Abstract
1- Introduction
2- System model
3- Q-learning-based dynamic spectrum access
4- Numerical tesults
5- Conclusions
References
Abstract
In recent years, Industrial Internet of Things (IIoT) has attracted growing attention from both academia and industry. Meanwhile, when traditional wireless sensor networks are applied to complex industrial field with high requirements for real time and robustness, how to design an efficient and practical cross-layer transmission mechanism needs to be fully investigated. In this paper, we propose a Q-learning-based dynamic spectrum access method for IIoT by introducing cognitive self-learning technical solution to solve the difficulty of distributed and ordered self-accessing for unlicensed terminals. We first devise a simplified MAC access protocol for unlicensed users to use single available channel. Then, a Qlearning-based multi-channels access scheme is raised for the unlicensed users migrating to other lower cells. The channel with most Q value will be considered to be selected. Every mobile terminals store and update their own channel lists due to distributed network mode and non-perfect sensing ability. Numerical results are provided to evaluate the performances of our proposed method on dynamic spectrum access in IIoT. Our proposed method outperforms the traditional simplified accessing methods without self-learning capability on channel usage rate and conflict probability.
Introduction
In the context of Industry 4.0, Industrial Internet of Things (IIoT) provides new driving force for the development of high efficient, low-energy, flexible and smart factories, by introducing sensing capability, cloud computing, intelligent robotics and wireless sensor networks into modern industrial environment [1–4]. An inevitable tendency toward global mobile networks that combines artificial intelligent, automation, warehousing systems and production facilities in the shape of Cyber-Physical Systems as well as cognitive IIoT emerges [5–7]. In the process of continuously sensing industrial field, exchanging control information, self-learning and adapting dynamic networks, deciding and performing transmission strategy, plenty of challenges need to be addressed.

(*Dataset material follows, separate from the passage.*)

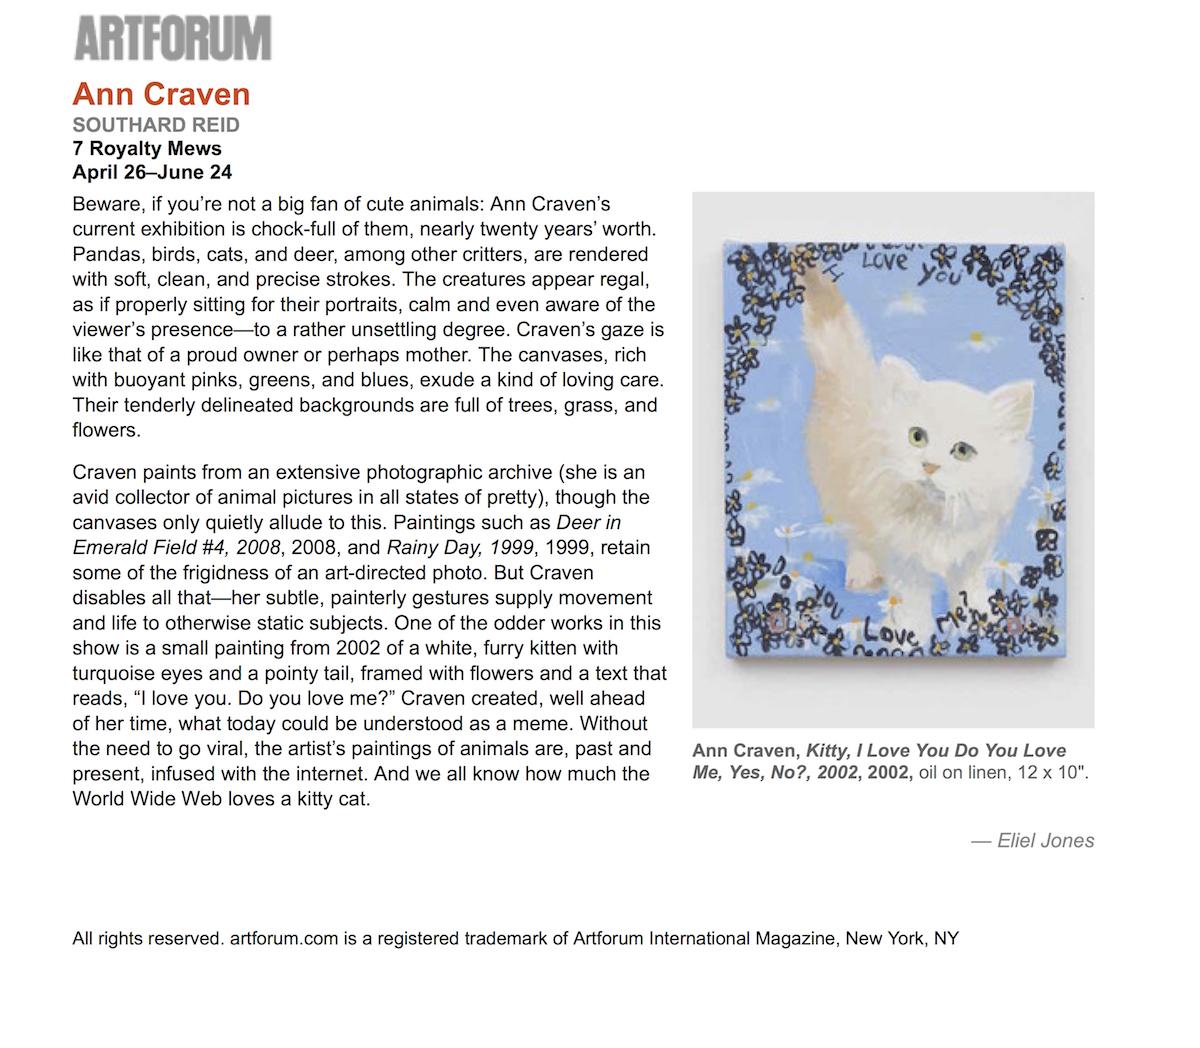 Ann Craven - artforum.com : critics' picks

Many techniques including intelligent algorithms, deep learning, cognitive radio have been applied to enhance the robustness, accuracy and efficiency of the IIoT [8– 11]. In particular, many technical solutions which have been adopted in wireless sensor networks can be adapted to IIoT environment after being revised according to the corresponding new characteristics of IIoT [12–17]. In [12], a wireless sensor networks based on safe navigation scheme for micro flying robots in the IIoT has been raised to detect the static and dynamic obstacles in indoor environment. In [13], a three-stage multi-view stacking ensemble machine learning model based on hierarchical time series feature extraction methods were designed to resolve the anomaly detection problem in IIoT. In [14], a multi-level DDoS mitigation framework were devised to defend against DDoS attacks for IIoT, which includes the edge computing level, fog computing level, and cloud computing level. In [15], the authors developed an IIoT based solution to ensure a real-time connection between products and assembly lines. The raised dynamic cycle time setting method considered the varying complexity of the product on the basis of the real-time information offered by sensor nodes and indoor positioning systems.